Thanks for the input, I really appreciate it!

The linker pragma is actually just for exporting the functions; I use LoadLibrary() and Co. to manage my DLLs. I've solved the load/free issue by implementing DLL manager functions into my kernel class. So, instead of:

dbtb::DllFile MyDll;
return 0;
/* yada yada yada */

I now have:

// MyKernel is an instance of my Kernel class
// The second parameter for LoadDll()
// tells the kernel if it is a required DLL.
DllHandle MyDll = MyKernel.LoadDll("SomeDll.dll", true);
/* yada yada yada */
MyDll.Free(); // Not necessary, as soon as MyDll goes out of scope
// The library is freed.

The destructor for my Kernel class free's any DLL's loaded by the application and _CrtDumpMemoryLeaks() is called after I delete my kernel.

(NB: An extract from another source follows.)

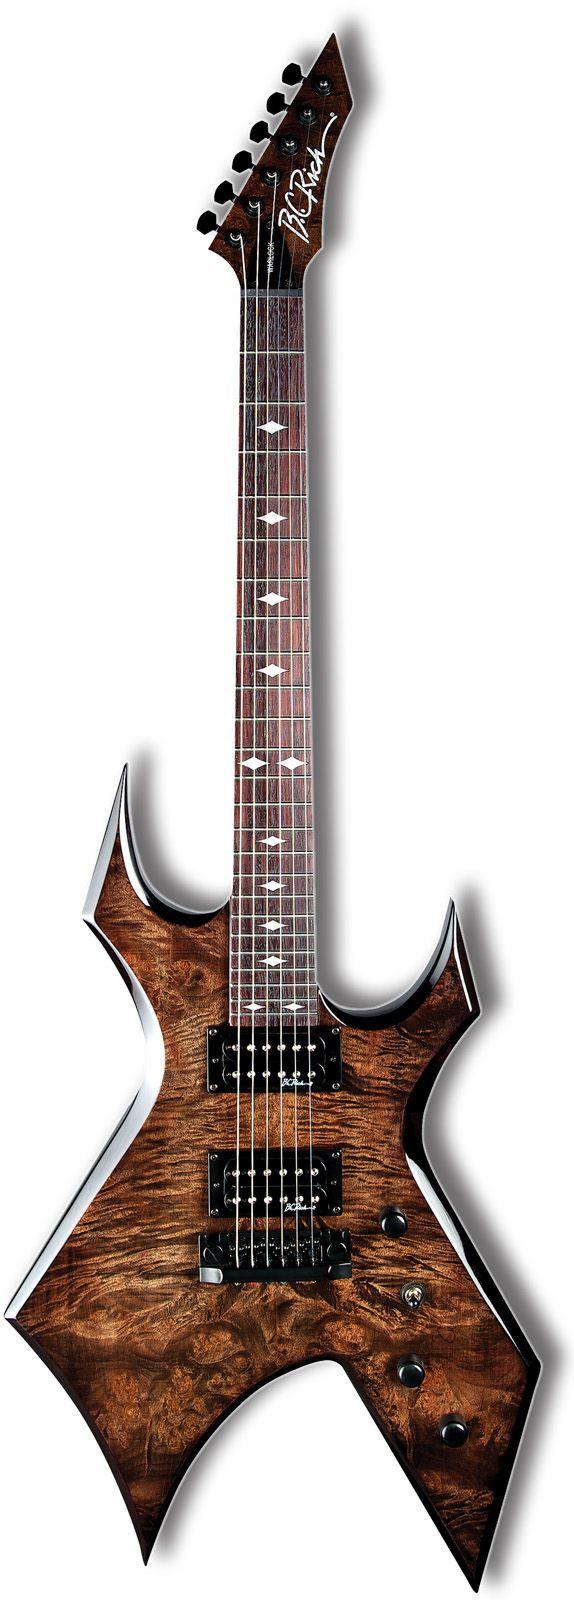 B C Rich Warlock Plus In Black Vapor Guitarra Electrica Guitarras
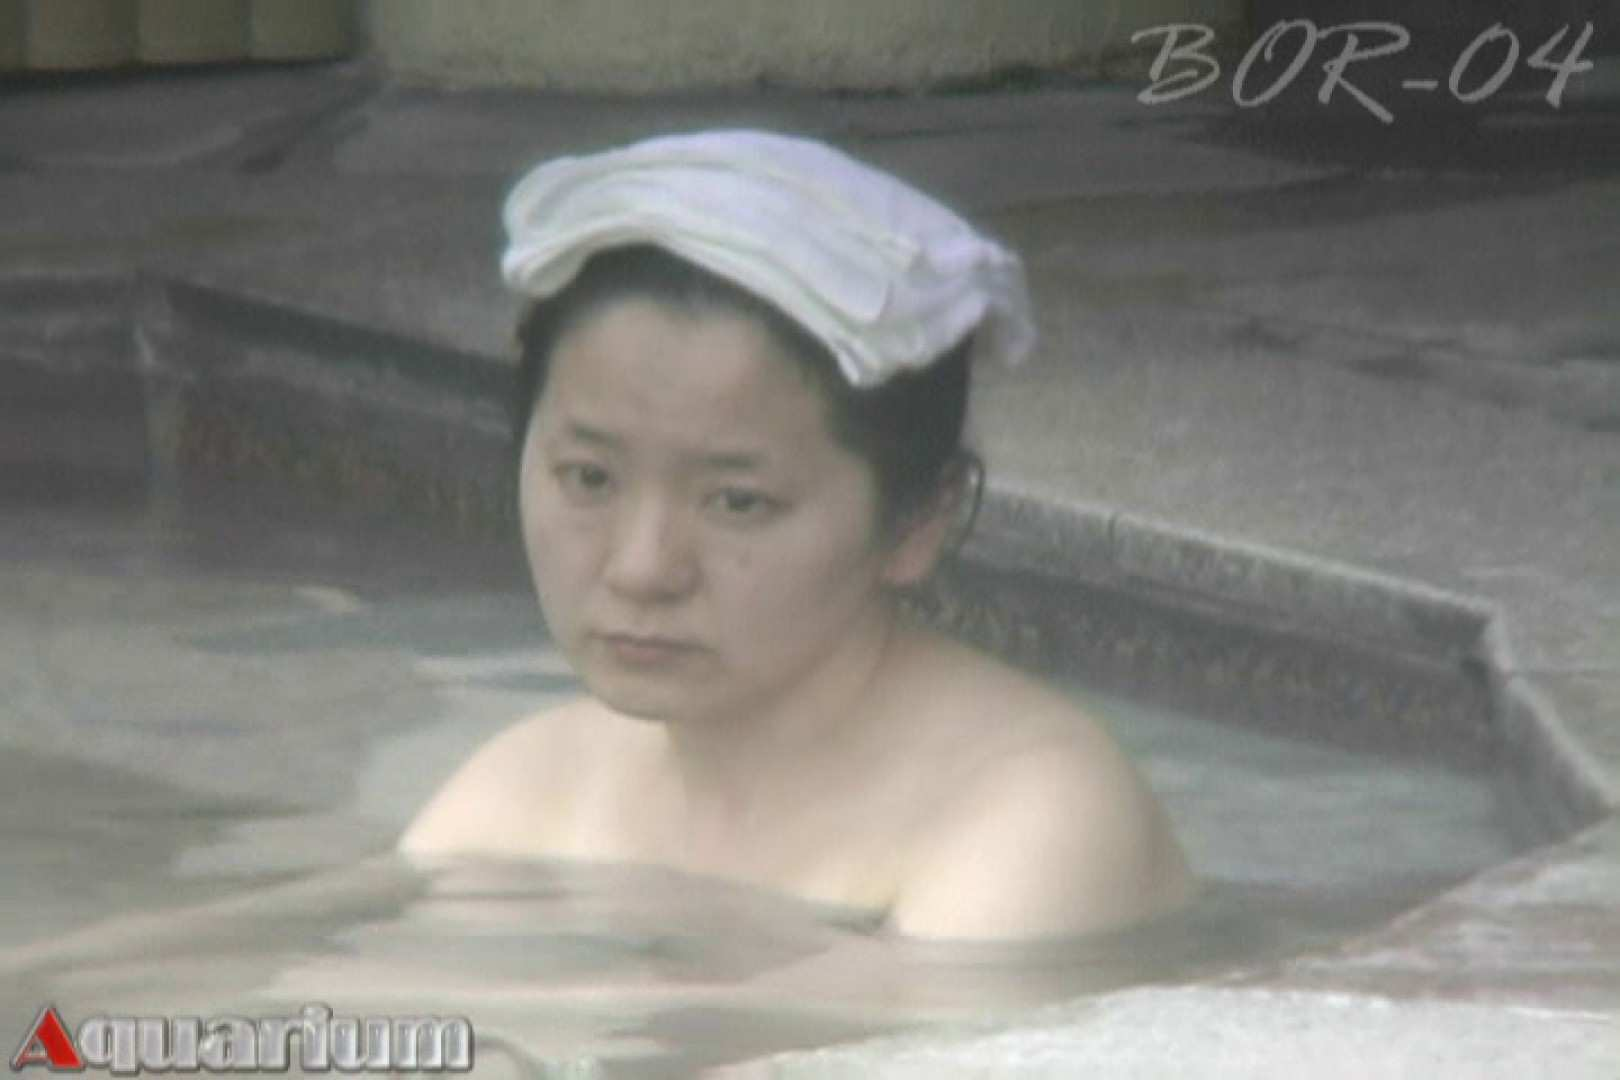 Aquaな露天風呂Vol.506 OLのエロ生活 | 露天風呂  99連発 37

The scope issue is something that I was aware of; I tried to circumvent it with atexit(), but that didn't help. I hate to assume this, but I think it was a phantom leak or memory corruption from earlier in my coding session, because as soon as I restarted my computer, it disappeared completely. I'll keep the singleton idea in mind though, in case it comes up again; I'm not entirely sure when functions added with atexit() are called.